Sentinel — Alerting and Monitoring Service

Status: Implemented — sentinel/ repo active with FastAPI server, MCP mount, and alerting domain objects (AlertEvent, Notification, Sensor, Subscriber) migrated from rest's userspace. Package: sentinel (Python pkg server/) Depends on: platform.axonis-core, platform.service-contract Milestone: P2 (after axonis-core is published)

Repo-local spec. Cross-cutting service mechanics (auth, /health + /service-info, Helm chart, CI/CD, uv/hatchling packaging, ruff) are not covered here — they follow platform.service-contract and its Cross-Cutting Requirements. This spec covers what makes the alerting service unique.

Who & why

Trigger: As an operator monitoring federated sites, I want a dedicated alerting service that ingests alert events from any source, evaluates thresholds, and routes notifications, so that the alert lifecycle (acknowledge → resolve → escalate) is managed in one place with domain-specific tools instead of generic CRUD.

Current pain. Alerting objects (AlertEvent, Notification, Sensor, Subscriber) lived in the alerts Elasticsearch index and were reached only through fedai-rest's generic userspace CRUD. There was no alert-specific workflow (no acknowledge/resolve/escalate), no threshold evaluation, and no uniform way to record where an alert came from — so cross-source alert handling and routing had to be reimplemented per caller.

Job to be done.
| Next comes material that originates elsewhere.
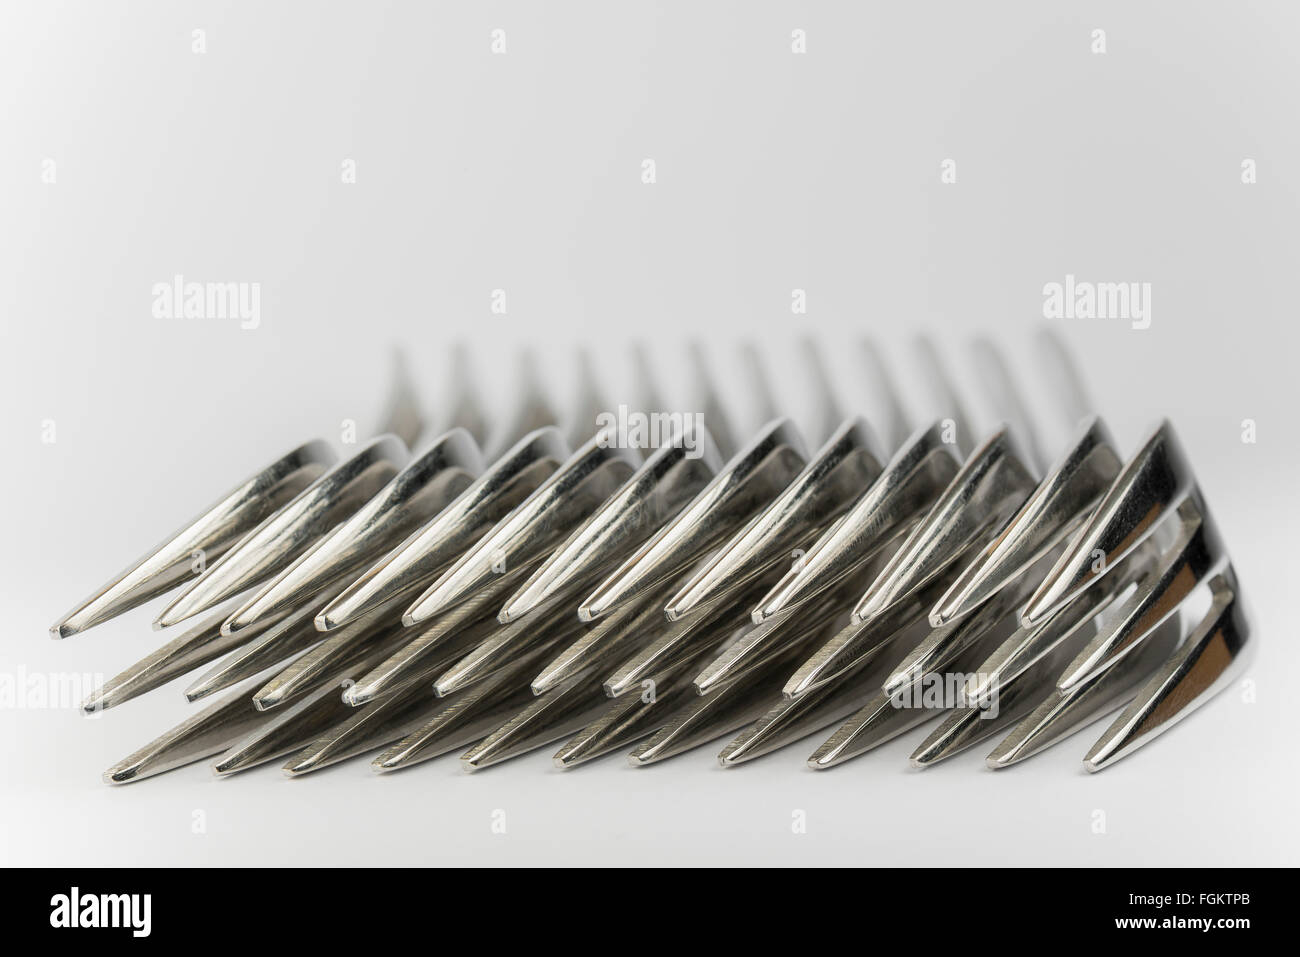 Abstract collection of metal forks Stock Photo

Own the full alert lifecycle across heterogeneous sources (sensors, rules engines, ML models, humans, external systems) under one source-identity model, with first-class workflow tools and notification routing.

Out of scope. Raw data ingestion (Conduit, component.conduit.service); device writes back to sensors (Relay, platform.relay); and all cross-cutting service scaffolding (auth middleware, health/service-info contract, Helm, CI/CD, packaging) which platform.service-contract already mandates for every service.

Purpose

Sentinel is the alerting and monitoring microservice. It owns all alert lifecycle management: event ingestion, threshold evaluation, notification dispatch, sensor management, and subscriber routing.

Previously, alerting objects (AlertEvent, Notification, Sensor, Subscriber) were stored in the alerts Elasticsearch index and accessed via fedai-rest's generic userspace CRUD. Sentinel extracts these into a dedicated service with domain-specific tools for alert management workflows.

Scope: generic alerting, sensors as one source type

Sentinel is a generic alerting service. Alerts may originate from many kinds of sources, of which sensors are one common case. Other valid sources include:

Rules engines (transaction-monitoring rule trips)
ML models emitting an anomaly score
Scheduled audit jobs finding violations
Humans manually escalating events
External systems posting alerts via the API

Every AlertEvent carries a source identity consisting of:

source_type — one of sensor | rule | model | human | external
source_uid — the UID of the specific origin within that type (e.g. the sensor's UID when source_type=sensor)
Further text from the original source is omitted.